ERIC: I always tell people, the most important thing about when you’re working through some sort of problem is not necessarily that you immediately come to the right answer, it’s talking about how you’re actually coming to your conclusions. There are some engineers who will go and get a problem and they’ll think for five minutes and not say a word, and then just write down the perfect solution. That’s great. That’s okay. There are very few of us who can actually do that. I would not to include myself as one of those. Basically, what you’re try to do is you work through that.
We preach a lot of soft skills here. We’ve gone through a few cycles of growth here as we kind of ramped up to about 50 engineers. My team at Salesforce was much larger than that in the size of a 3500 person organization.
The thing that you really learn is things like collaboration and alignment and stuff become very important. Can you take some semi-critical feedback on a PR and turn it into a positive discussion?
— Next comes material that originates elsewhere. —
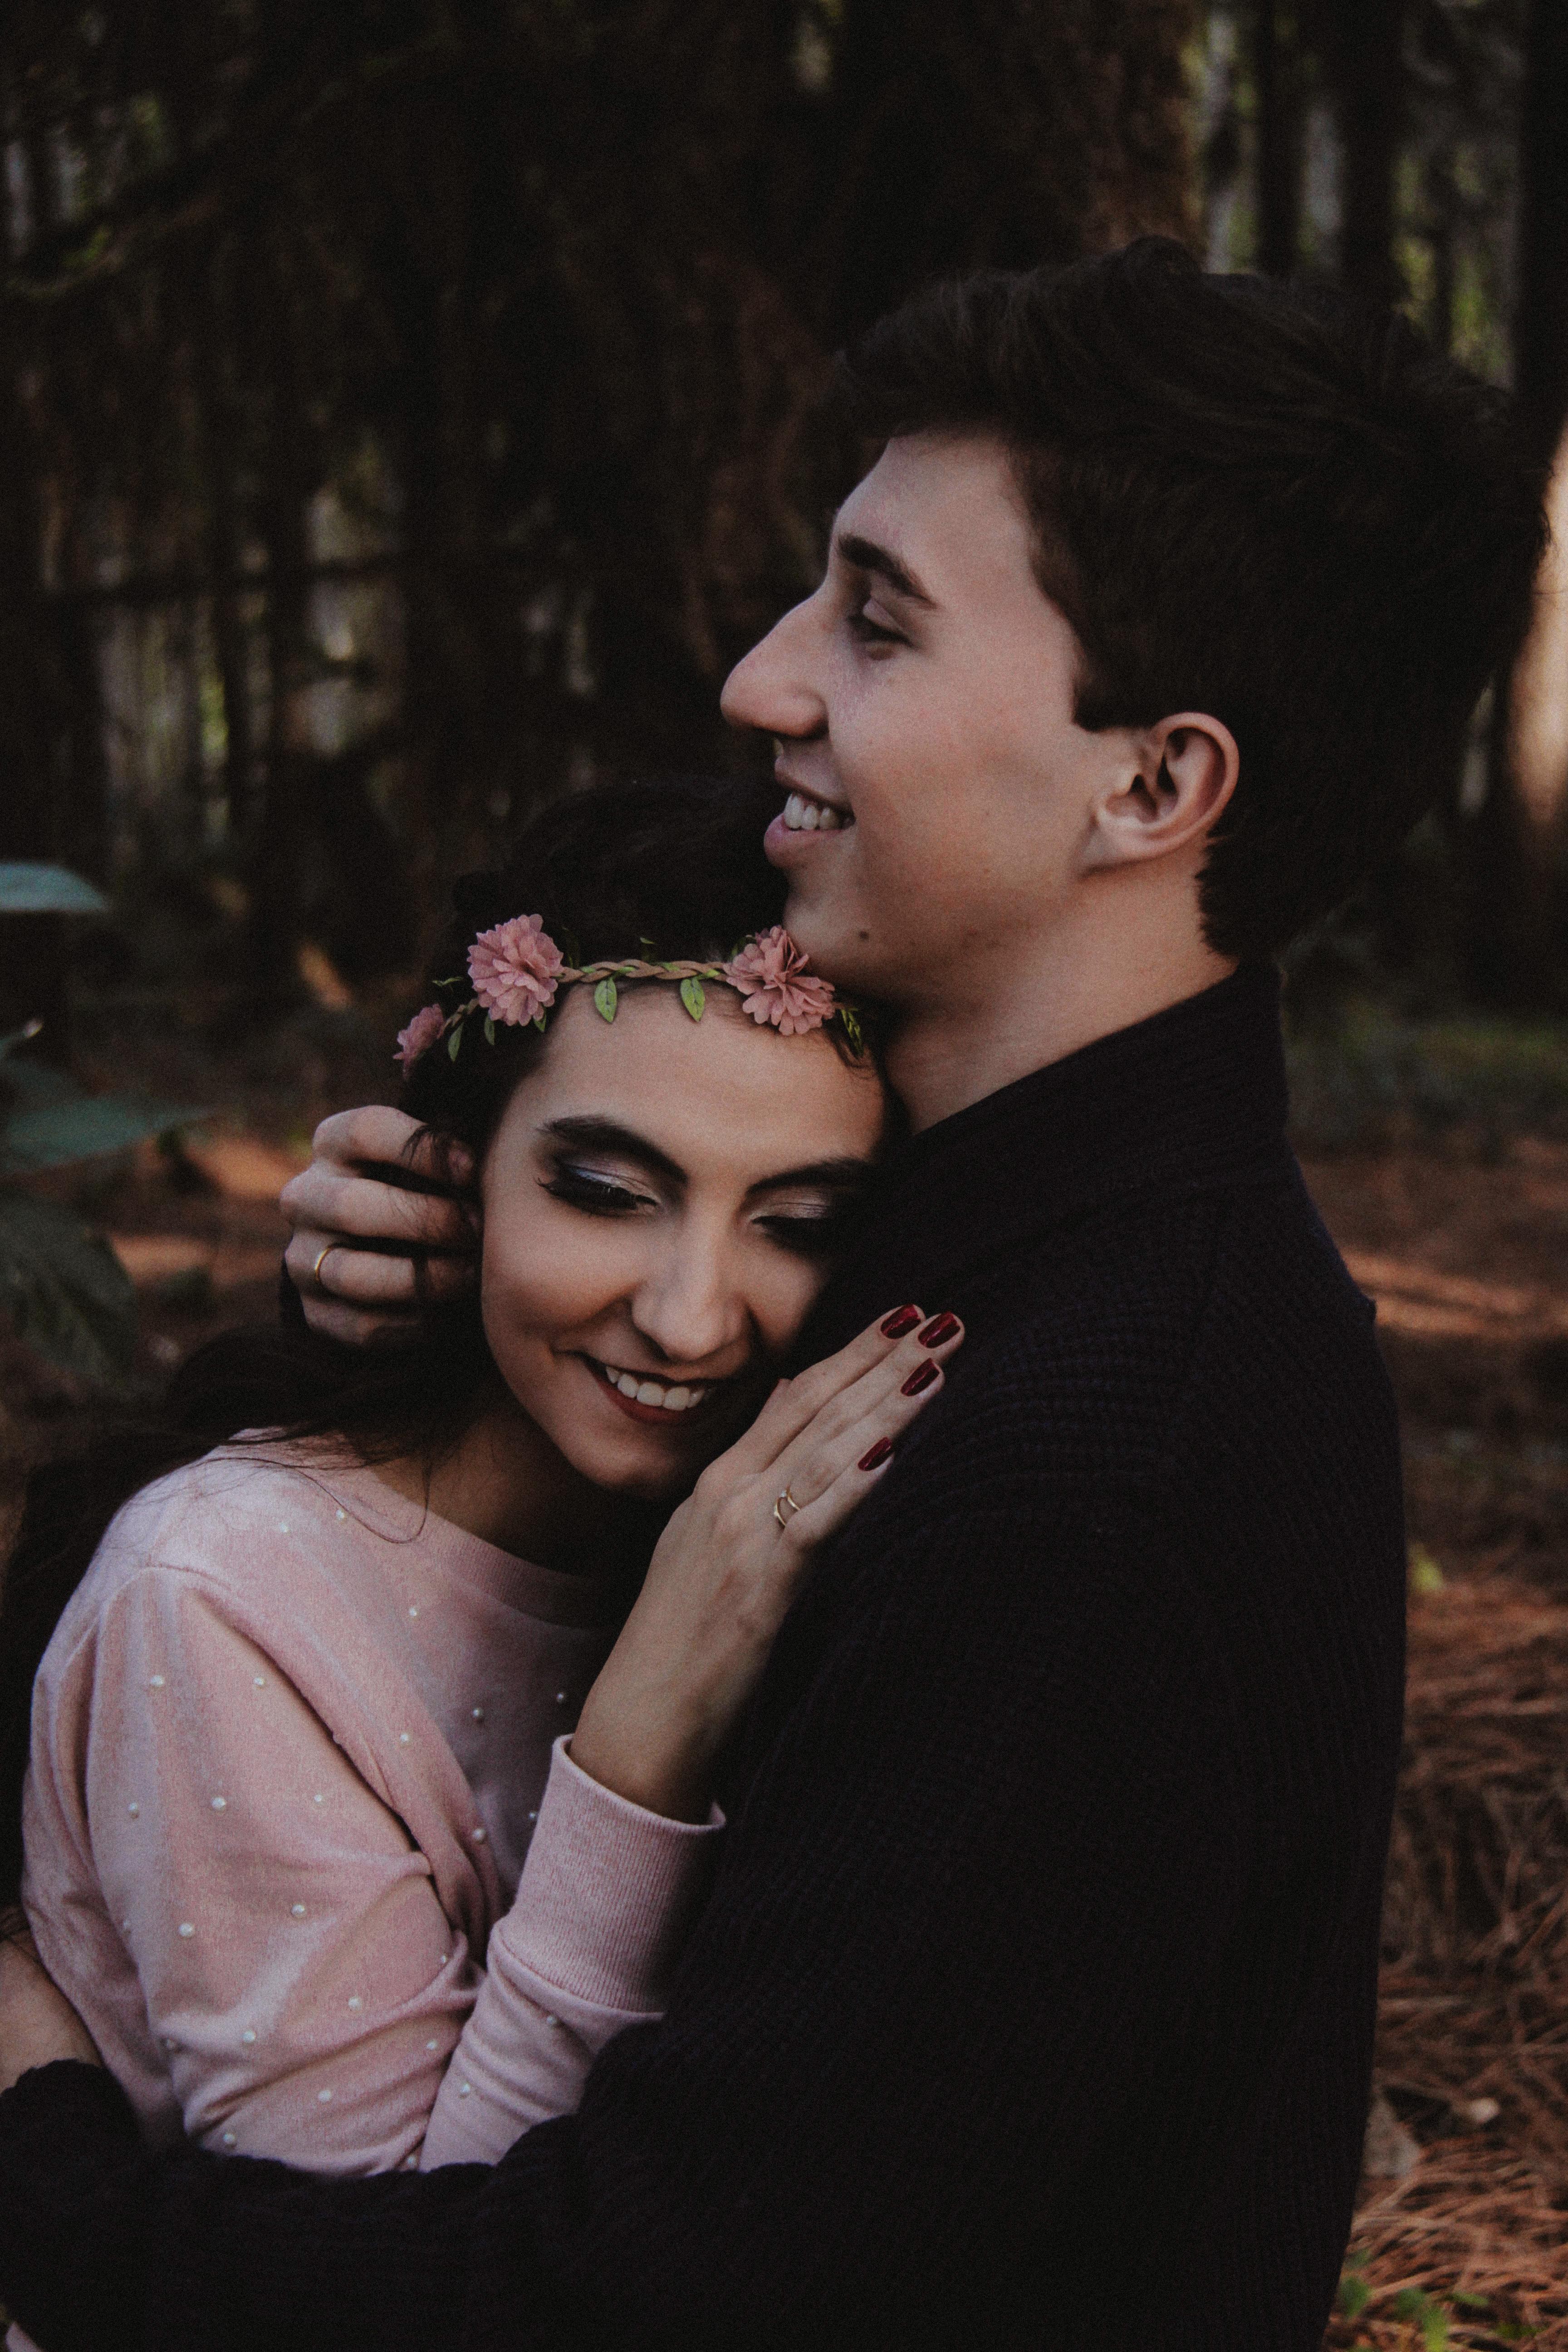 dating par fotografering DotA 2 rangert matchmaking formel
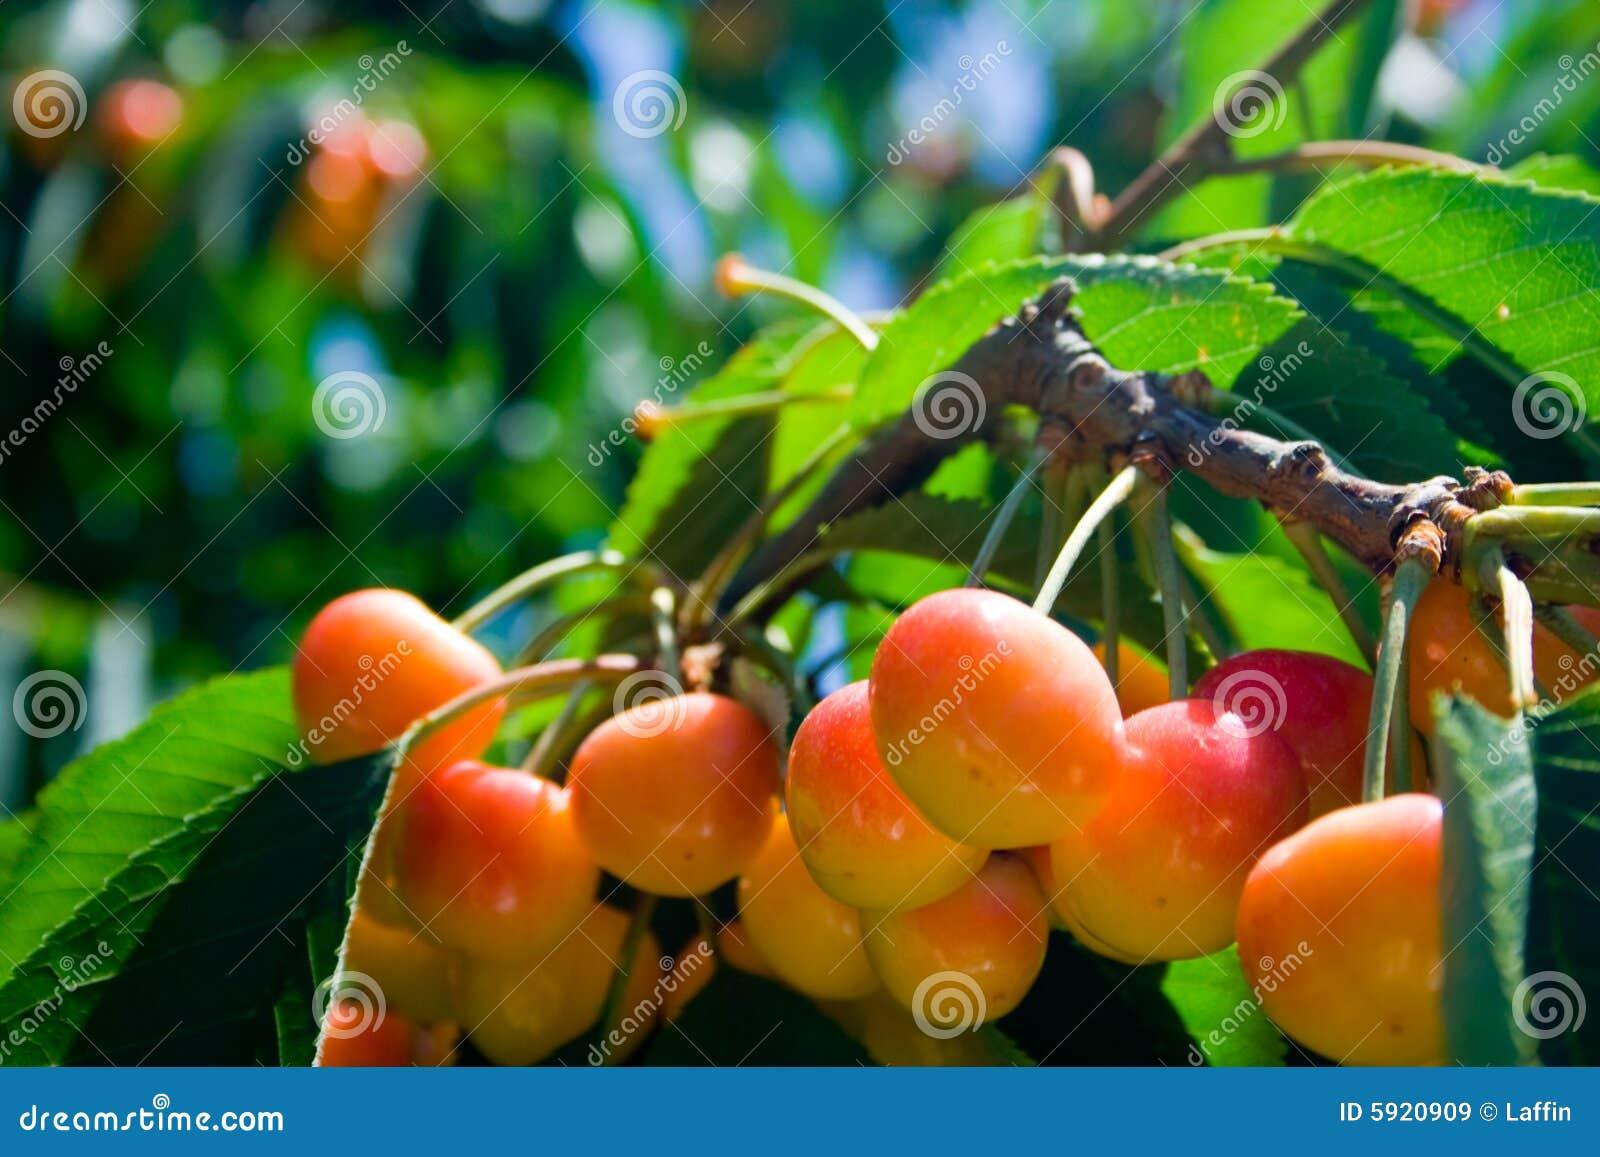 Rainier cherries on tree royalty free stock images image 5920909 - Romanian cherry tree varieties ...

Those are the types of things that you’re looking for there. Really, through that pair process, you get to see some of those things; how this person thinks, and can they describe to you what the next steps as they go to figure out a problem?
We definitely look for those things. We have some internal scoring criteria that we use to judge that.
LEDGE: I talked to another CTO that, one of their steps in this process is they issue a PR to the candidate in order to see how they will react, and give the feedback for what is obviously wrong in the PR.
ERIC: We’ve done that too, and I think generally the only issue there is what happens is all of your take-home tests become public – unless you want to give somebody access to a private temporarily, and then you have to keep writing more take-home tests. So we’ve stopped doing that. We’ve used other tools. That’s would be one of the best ways to do it, for sure.
LEDGE: Awesome. Well, Eric, good spending time with you. Appreciate your insights today.
ERIC: Yeah, great. Happy to talk to you.